More likely you fell in love with your partner and the children were your secondary thoughts. You’ve entered into this family because of him or her, not them.
Is that fair?
In the early stages, many stepparents look at the situation with the children as occasional visits and an outing here and there. They’re in what I call the ‘getting going stage’. It’s a sort of fantasy time that many of us go through.
But what happens when that ‘high on love’ feeling begins to fade?
It doesn’t take long for a new stepparent to work things out. It’s simple. He’s a package deal. The realities of calls from the children’s mother, school events and keeping everyone happy during summer holidays soon hits home. And that leaves you with a question.
Who am I in this relationship for?
You’re in this relationship because you fell in love. You’re in this relationship for your partner. But now there’s something new to face. The children are there to stay.

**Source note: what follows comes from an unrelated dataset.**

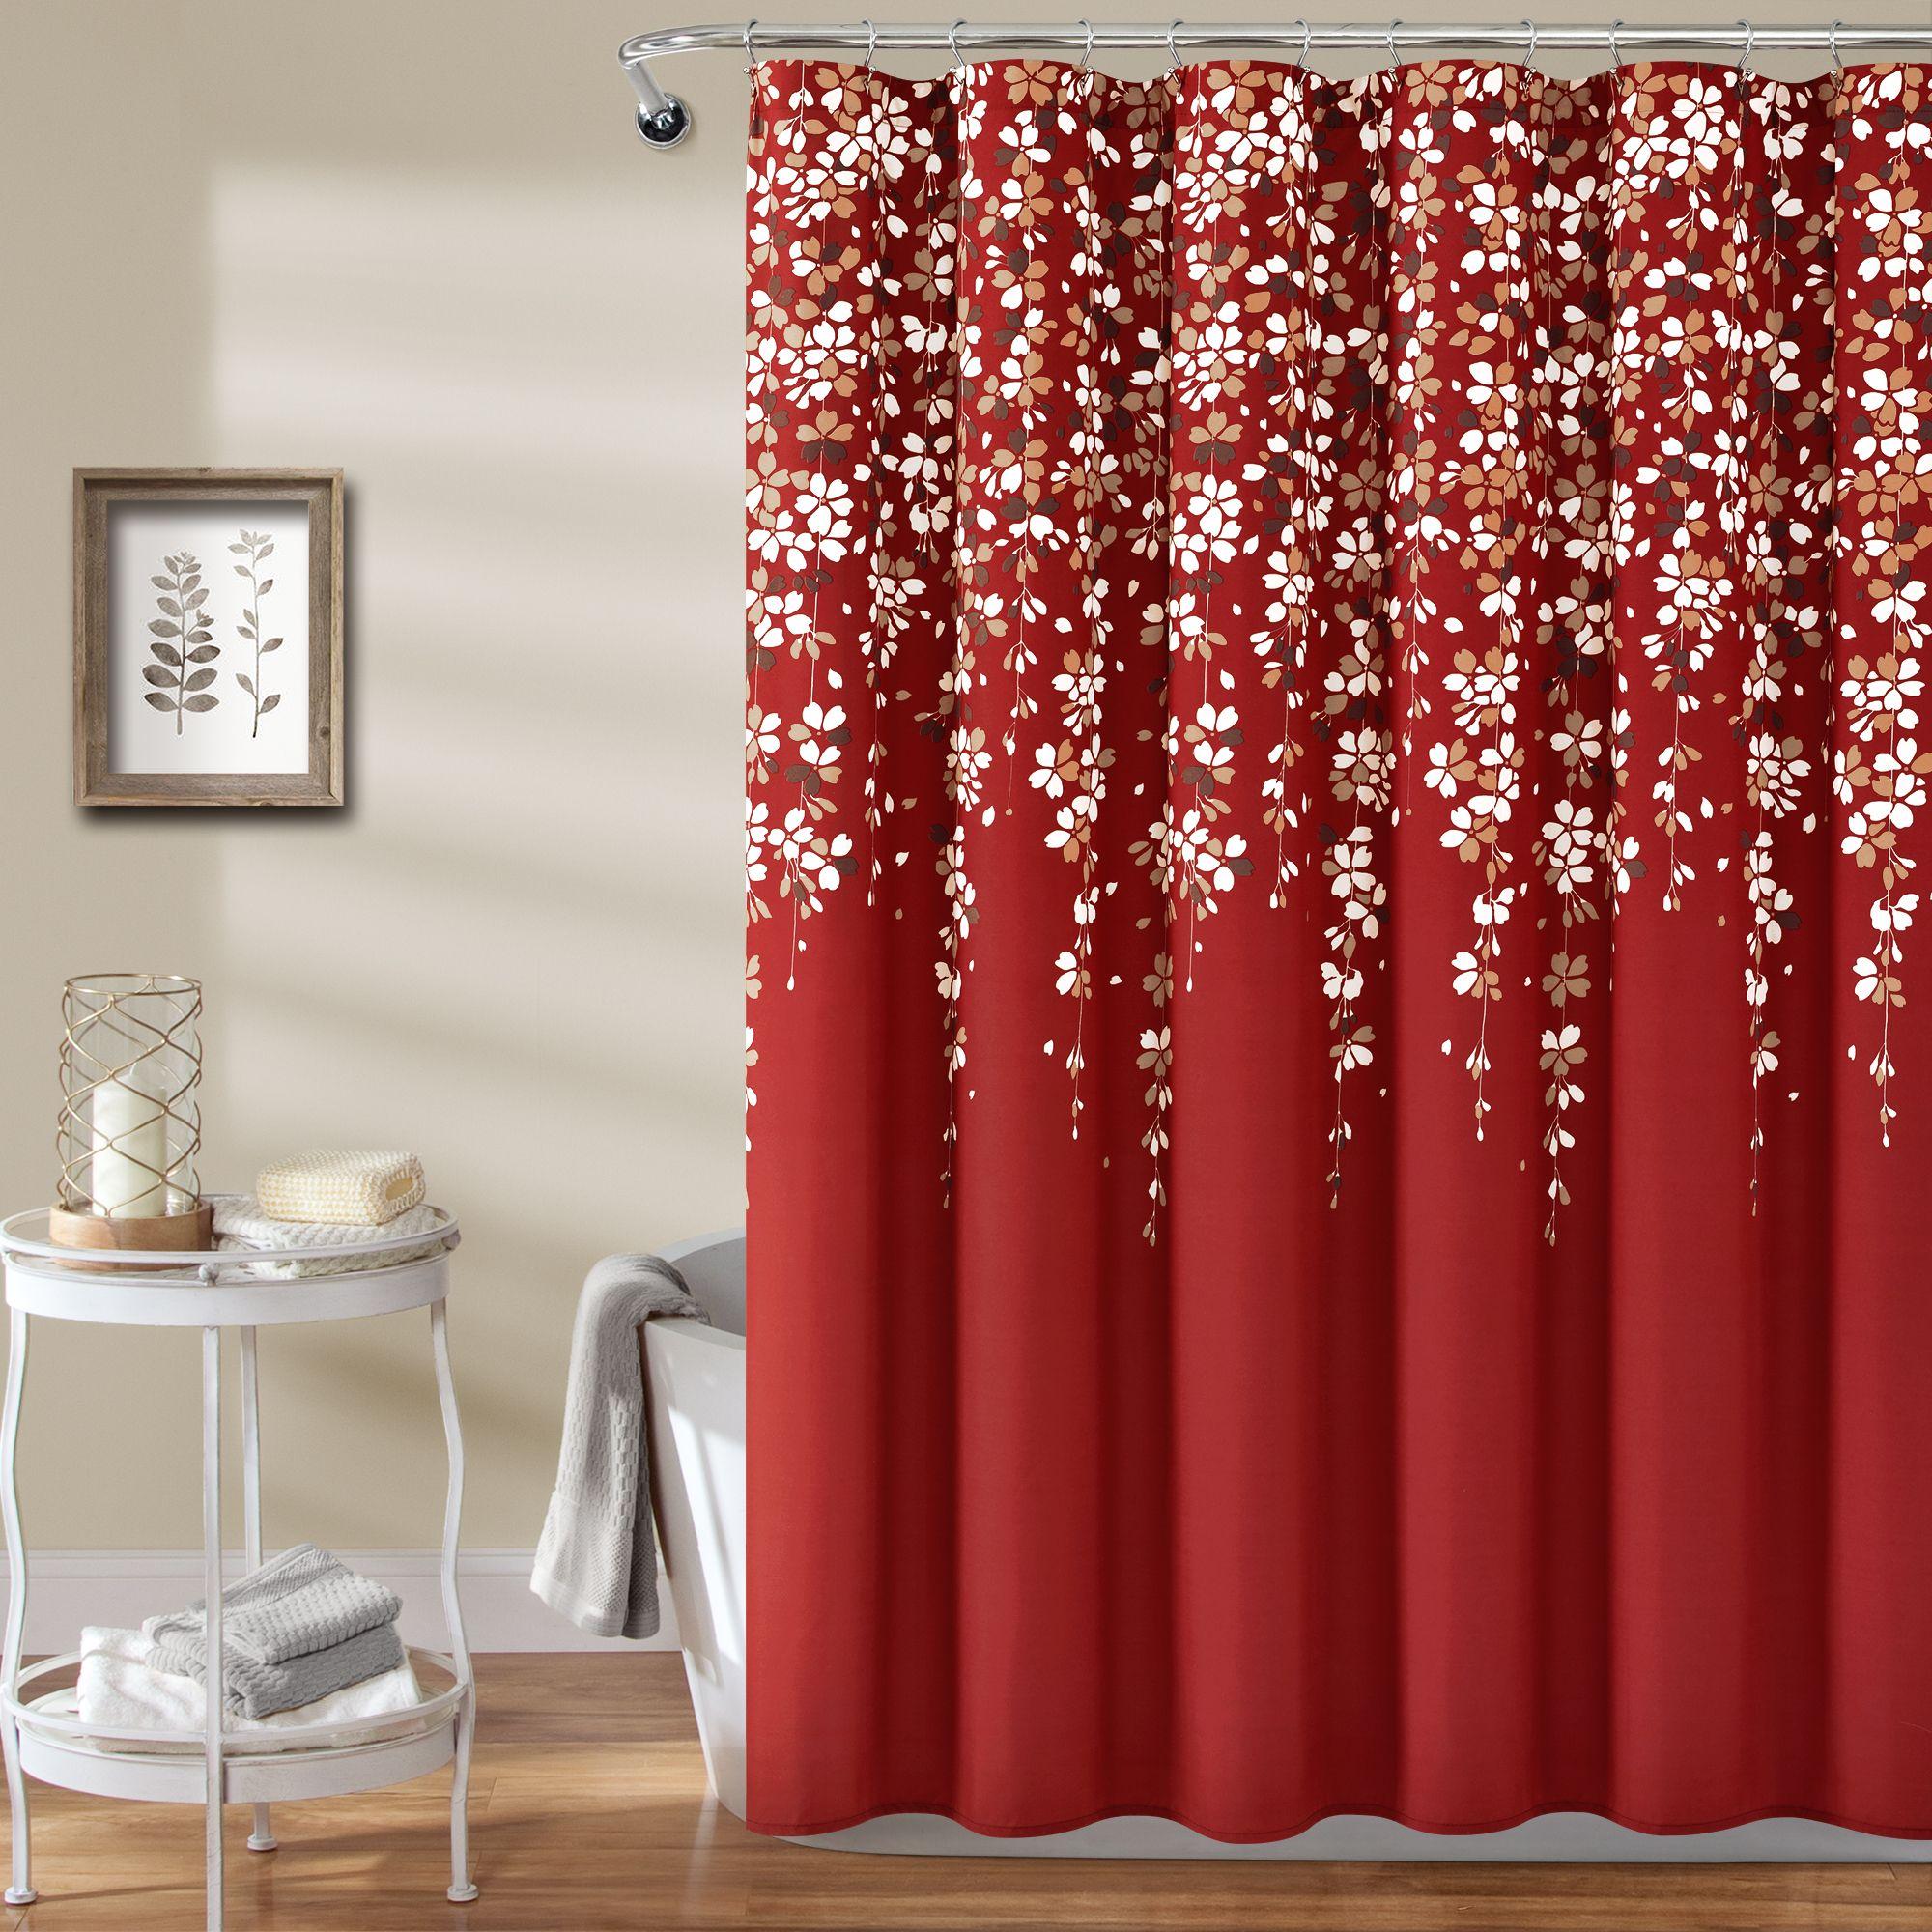 Weeping Flower Shower Curtain In 2020 Flower Shower Curtain

And what does that mean exactly?
It means they’re going to be around. It means you might feel pushed out or neglected at times. Weekends, Christmas, Easter, birthdays and those summer breaks, these are the moments you can often find yourself wondering about the complications, the headaches, the bickering between kids, your role, and that biggy: do I really fit in here?

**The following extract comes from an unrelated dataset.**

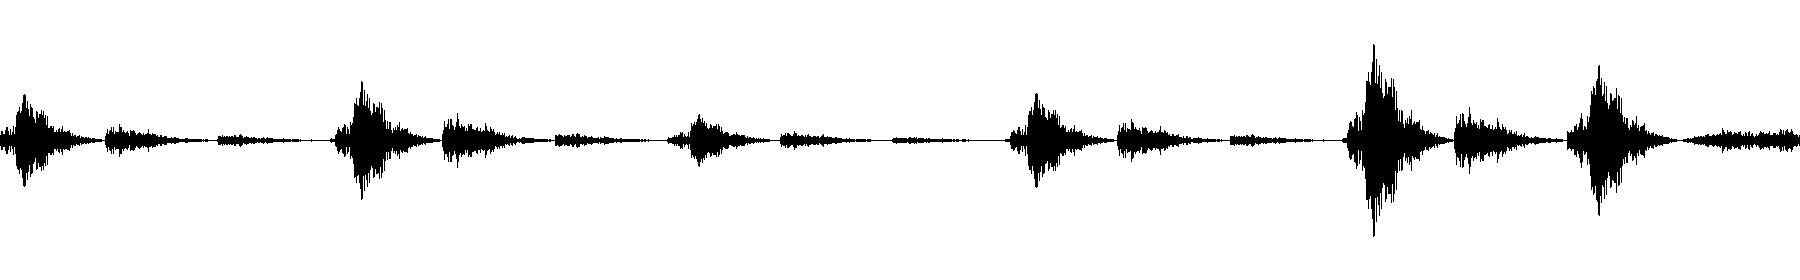 shaker sample oneshot

If you haven’t been keeping your relationship strong – fresh and alive – you can, during these times, begin to wonder what you’re in it for. You might even wonder if you can or want to really stick it out.
But it doesn’t need to be that way. Indeed, for lots of stepparents, it isn’t. Being a stepparent can be very rewarding and enjoyable. If the stepfamily functions well you get time with your partner when they’re with their other parent. You get to enjoy your part in the kid’s adventures. You get to see these young people grow and develop and become adaptable, flexible, confident and compassionate men and women.

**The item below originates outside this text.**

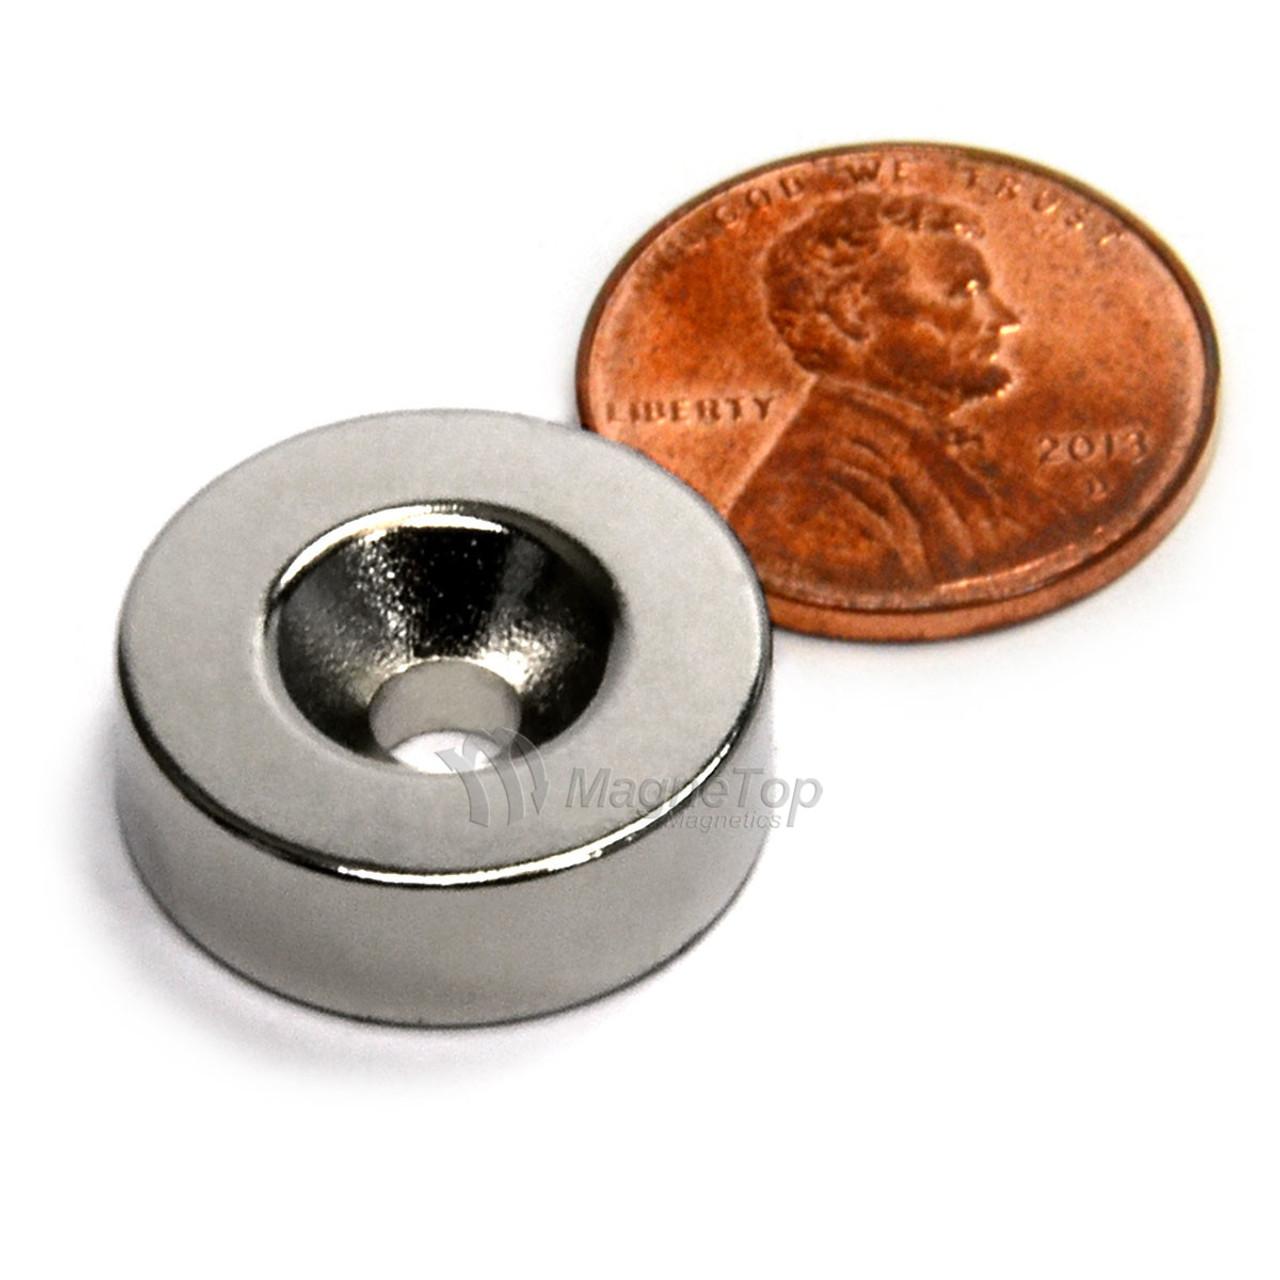 19.1mm x 6.4mm-N52-M5 Countersink on One Side | Neodymium Round Countersunk

One of the most important ways to prevent yourself from getting to the stage where you’re wondering if you can stick it out is to nurture your relationship, keeping it strong and alive.
So here are my top 5 tips for making sure you’ve got plenty of emotional energy in your relationship to breeze through the tough times.
- Have a vision. Talk with your partner about your joint vision and dreams for the future. Know where you both want to go and how you’d like life to be.
- Make plans for the future, whether it be for the next 3 months or 3 years. Have something to look forward to together. A common goal.
- Give each other compliments spontaneously, especially in front of the children. This shows them how important you are to each other.
- Book in special time alone together. Make a date to go out or just have a romantic night in. Treat this as a special event and get excited about it.
- Remind each other regularly about what it is you love about each other. What you appreciate and are grateful for.
Here’s a bonus tip!
- Talk through your worries and concerns. Don’t let things fester. Have lots of open conversations and communicate your needs and listen to his.